- **HOW TO COMPLETE THIS TASK**: Retype the records below from their first line through the line containing "Bangkok changements de", and include nothing else.

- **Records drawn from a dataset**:
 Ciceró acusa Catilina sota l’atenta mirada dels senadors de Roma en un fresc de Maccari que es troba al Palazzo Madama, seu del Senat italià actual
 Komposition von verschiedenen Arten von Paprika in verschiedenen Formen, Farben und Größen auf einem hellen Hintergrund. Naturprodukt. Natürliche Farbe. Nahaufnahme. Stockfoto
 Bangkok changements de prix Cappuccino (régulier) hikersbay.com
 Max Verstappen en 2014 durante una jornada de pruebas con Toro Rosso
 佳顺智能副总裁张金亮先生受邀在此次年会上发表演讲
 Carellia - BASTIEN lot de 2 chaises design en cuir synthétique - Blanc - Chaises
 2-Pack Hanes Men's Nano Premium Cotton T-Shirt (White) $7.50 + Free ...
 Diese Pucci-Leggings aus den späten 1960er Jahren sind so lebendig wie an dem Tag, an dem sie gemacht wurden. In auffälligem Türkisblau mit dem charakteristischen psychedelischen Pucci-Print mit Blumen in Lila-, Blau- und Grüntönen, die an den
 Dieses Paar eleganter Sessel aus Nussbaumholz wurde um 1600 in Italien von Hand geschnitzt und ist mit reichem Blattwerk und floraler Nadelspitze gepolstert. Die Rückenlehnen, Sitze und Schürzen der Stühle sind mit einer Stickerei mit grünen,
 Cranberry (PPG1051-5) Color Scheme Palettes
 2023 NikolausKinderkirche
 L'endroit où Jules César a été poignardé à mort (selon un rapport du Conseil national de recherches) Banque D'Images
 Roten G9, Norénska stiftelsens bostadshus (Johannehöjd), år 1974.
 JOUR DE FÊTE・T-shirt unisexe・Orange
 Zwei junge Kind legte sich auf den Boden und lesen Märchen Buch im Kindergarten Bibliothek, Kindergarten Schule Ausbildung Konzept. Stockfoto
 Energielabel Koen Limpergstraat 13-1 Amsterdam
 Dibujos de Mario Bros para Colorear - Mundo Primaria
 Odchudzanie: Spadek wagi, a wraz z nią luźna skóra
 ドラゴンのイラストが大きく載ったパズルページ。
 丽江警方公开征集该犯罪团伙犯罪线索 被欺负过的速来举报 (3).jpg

- **RESPONSE FOR THIS EXERCISE**:
 Ciceró acusa Catilina sota l’atenta mirada dels senadors de Roma en un fresc de Maccari que es troba al Palazzo Madama, seu del Senat italià actual
 Komposition von verschiedenen Arten von Paprika in verschiedenen Formen, Farben und Größen auf einem hellen Hintergrund. Naturprodukt. Natürliche Farbe. Nahaufnahme. Stockfoto
 Bangkok changements de prix Cappuccino (régulier) hikersbay.com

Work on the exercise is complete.